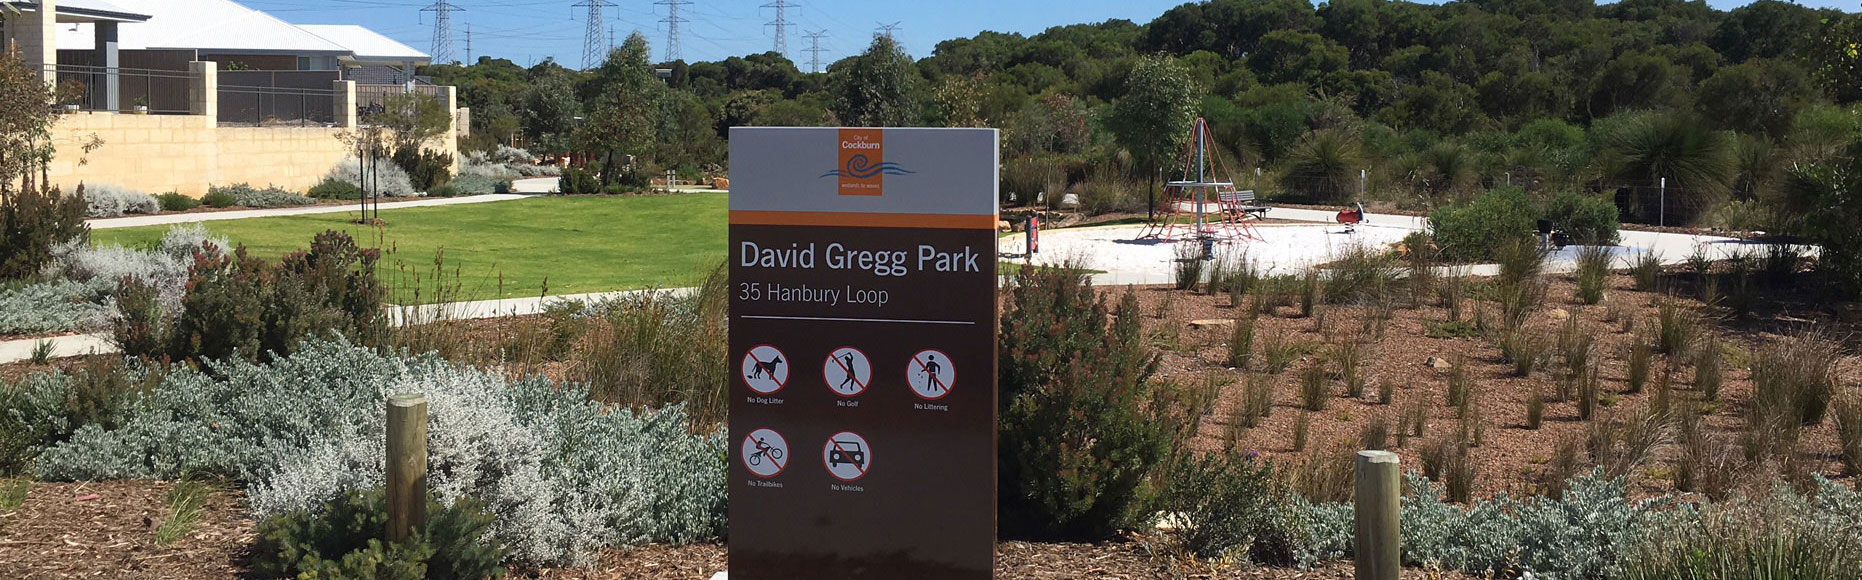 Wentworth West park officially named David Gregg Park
--
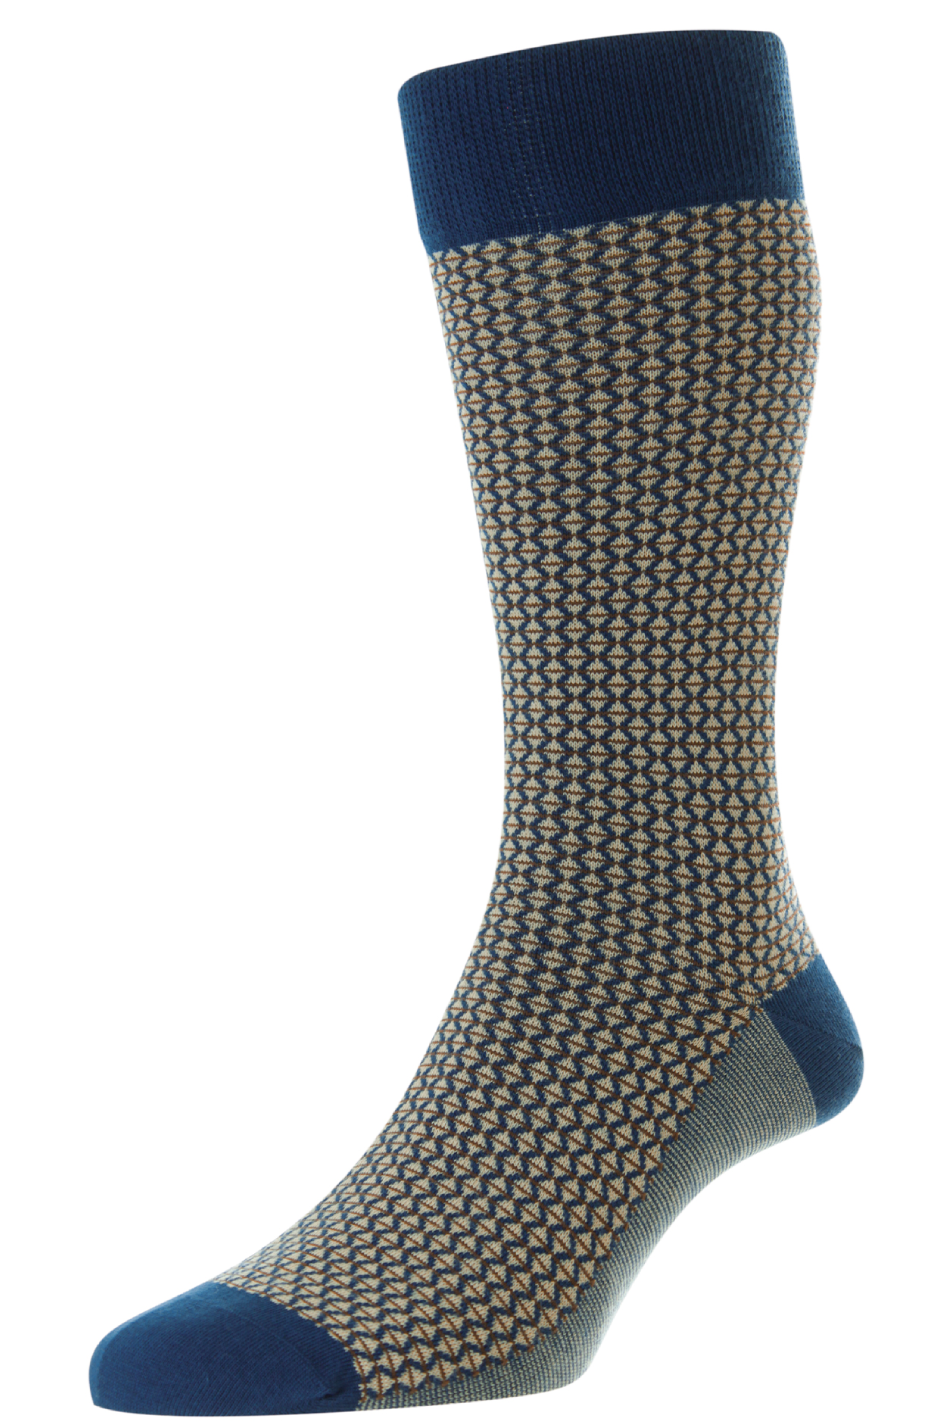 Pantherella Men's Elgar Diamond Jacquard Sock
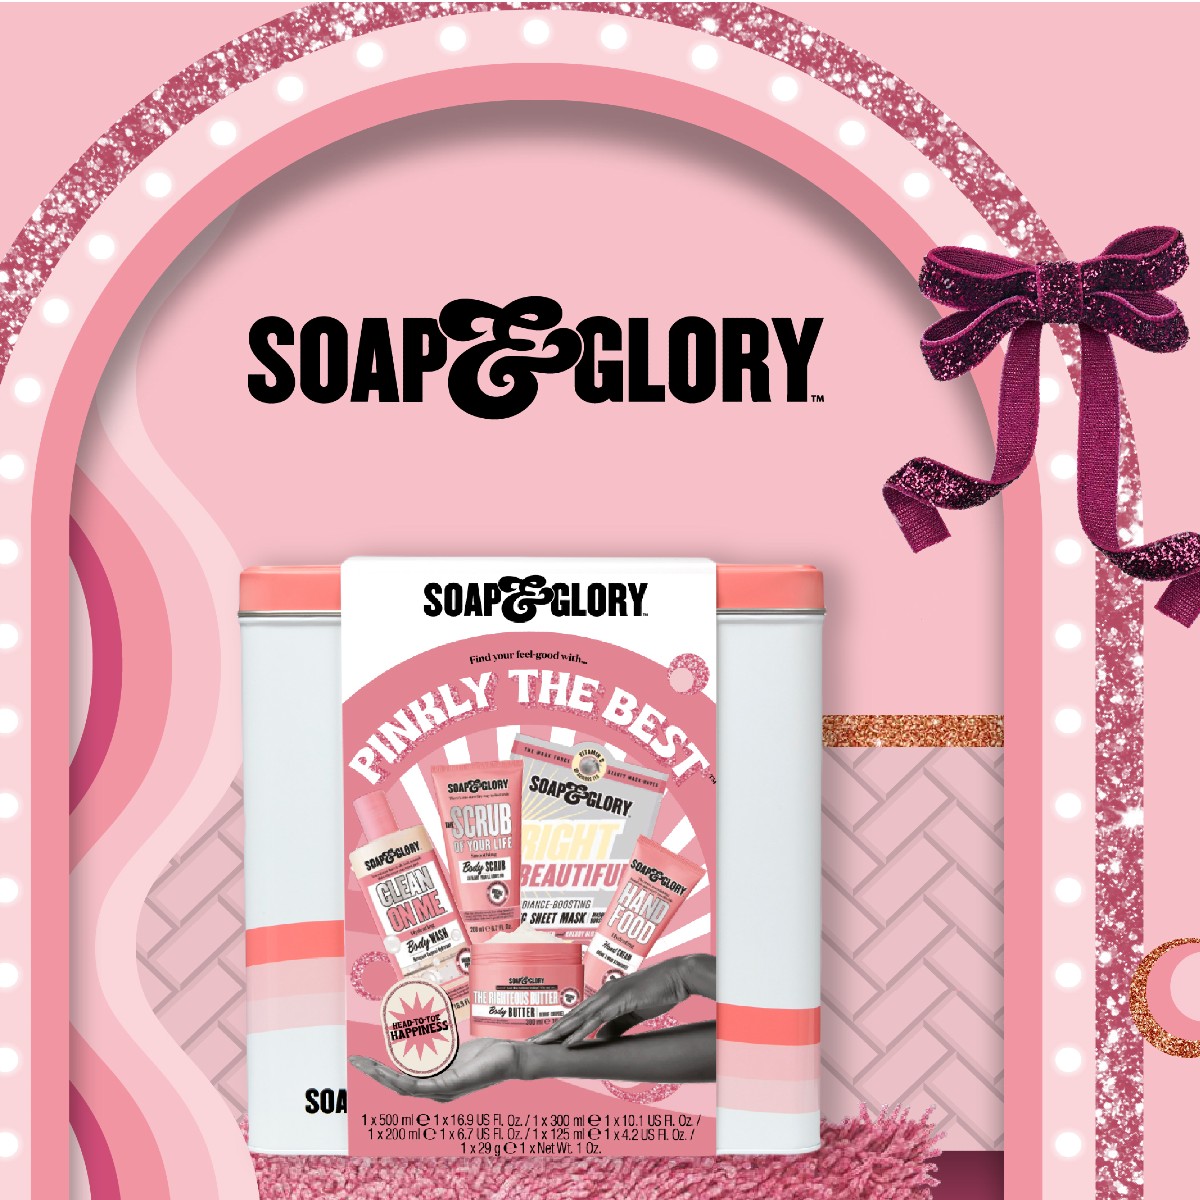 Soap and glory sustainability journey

How to complete this task — In the listing above, find the line containing "Pantherella Men's Elgar" and the line containing "Soap and glory sustainability journey"; print those lines and every line between them exactly, leaving out pictures.

Written reply —
 Pantherella Men's Elgar Diamond Jacquard Sock
 Soap and glory sustainability journey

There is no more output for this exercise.